Mergers, acquisitions and alliances
At least some of the recent mergers of pharmaceutical companies internationally have been aimed at enhancing R&D productivity. Alliances can also be of use. A large pharmaceutical company may benefit from an alliance with a biotechnology company rather than acquiring it outright, because it can access the expertise and yet keep to the minimum the risk of investing in new technology. Of course, the large company can always acquire the smaller biotechnology company at a future date.

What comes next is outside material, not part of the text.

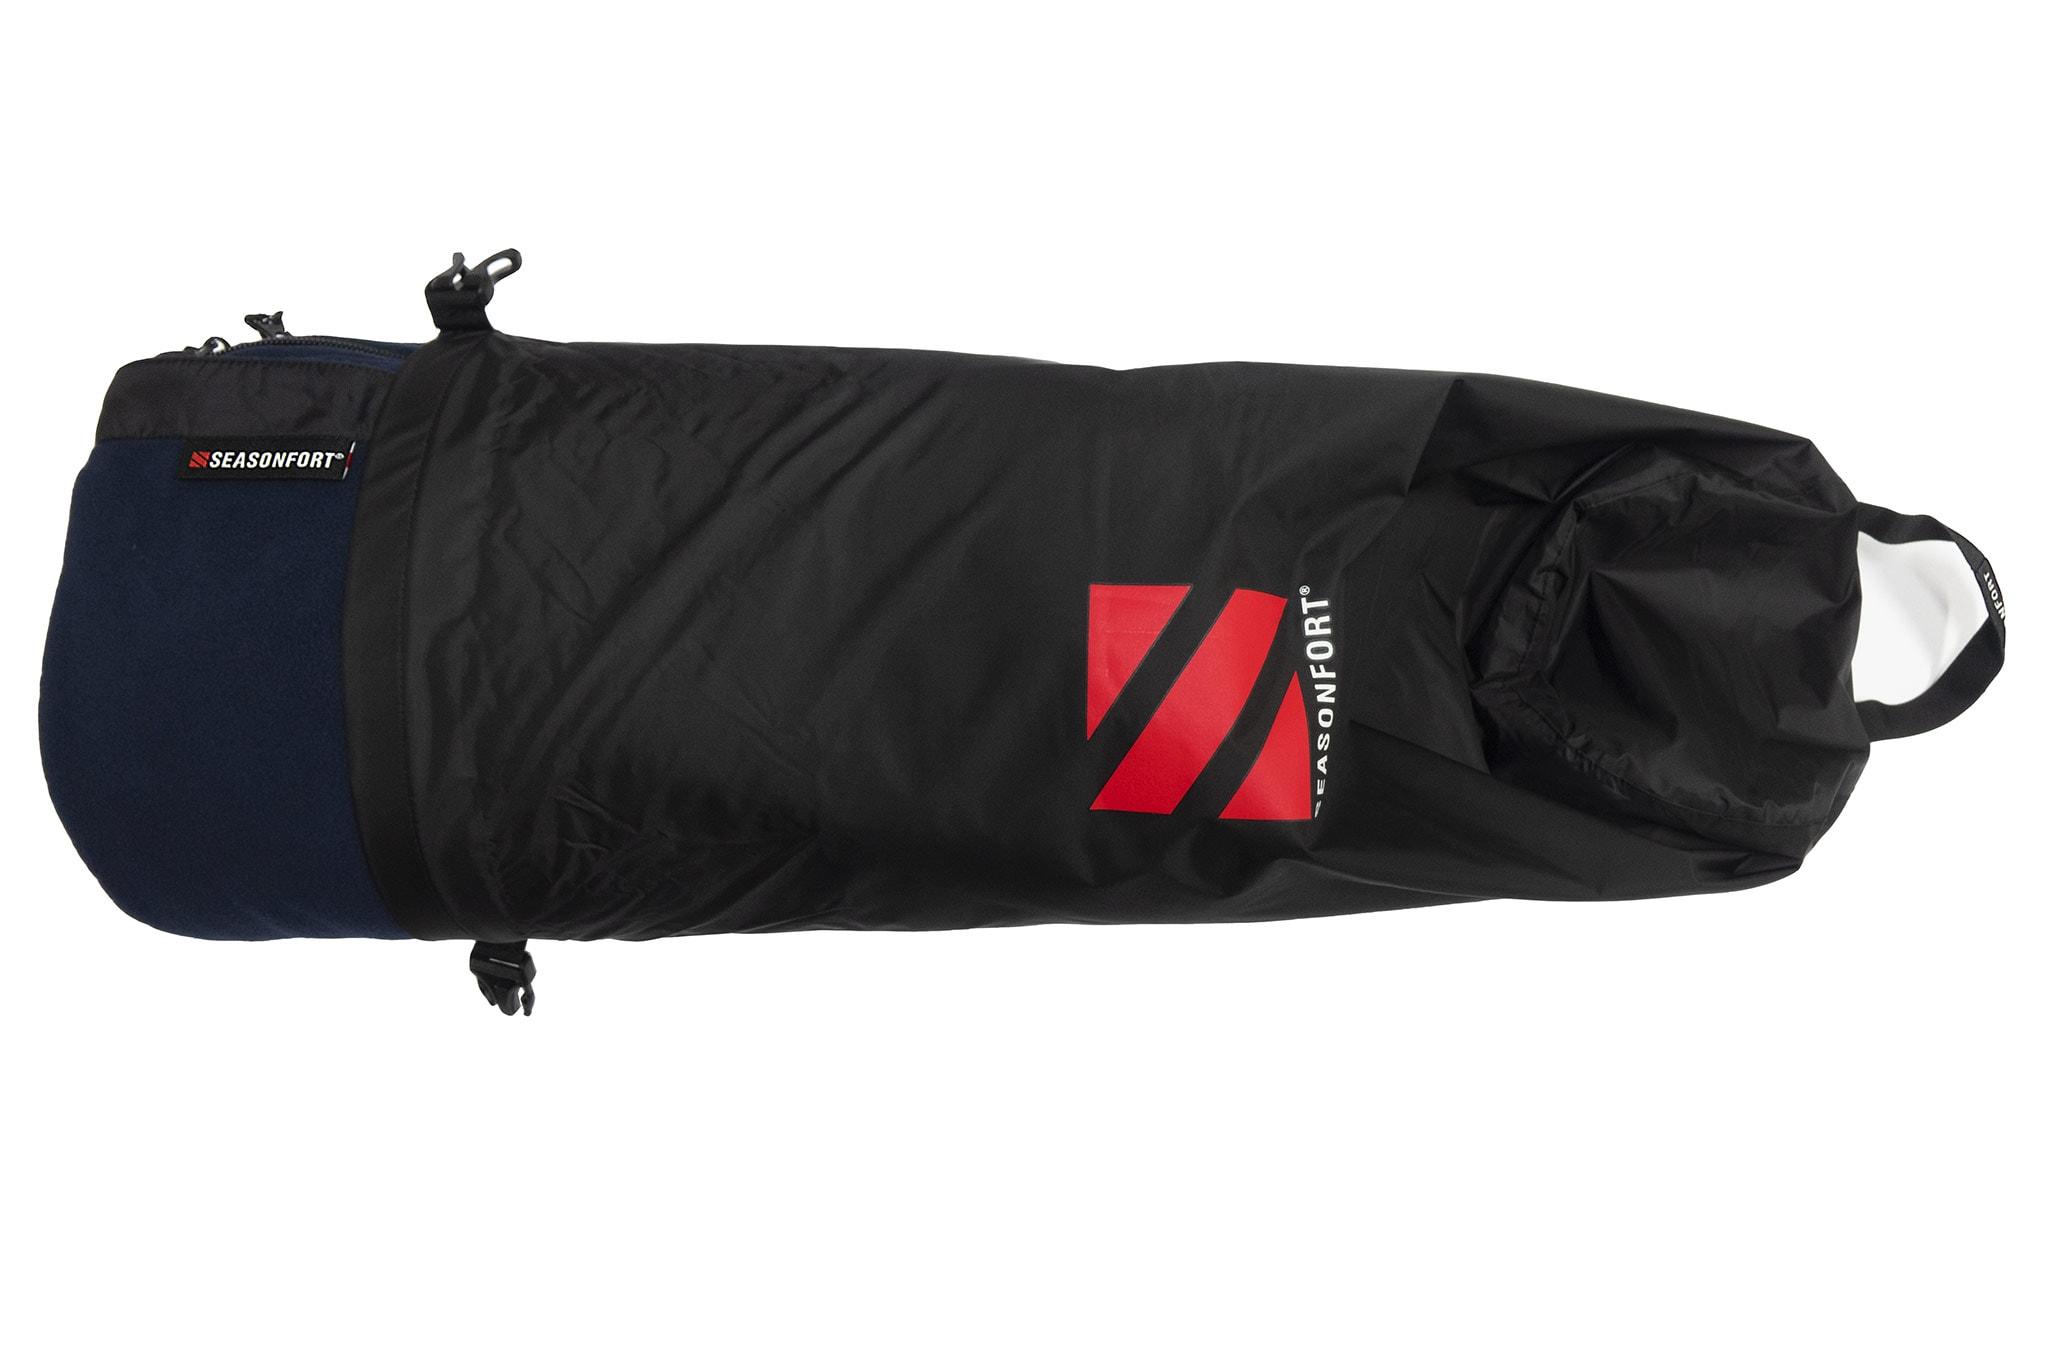 SEASONFORT Fire Retardant Sleeping Bag and Dry Bag

The global generics market
Many multibillion dollar drugs will go off patent in the US by the year 2005. These include omeprazole (2001), ciprofloxacin (2003), simvastatin (2005) and lansoprazole (2005). Patent expiries will open large markets internationally for generic products at lower prices. The USA accounts for more than 40% of the world generics market and is expected to be worth $18 billion by the year 2003. The US imports 60% of its generics, and Indian pharma companies, with their lower manufacturing costs, are well placed to enter this market. Traditionally, Indian companies have shield away from the highly regulated US market, but today Indian pharma majors armed with FDA and other approvals are getting set to make big breaks in the US and other world markets. That could be a big step for the Indian pharma industry on its way to going global.
Surely these are challenging times, posing fresh threats, but offering new opportunities as well. Indian companies are accepting the challenge and are getting set to take off in new directions. And in the midst of several uncertainties, one thing is certain -- as always, only the fittest will survive.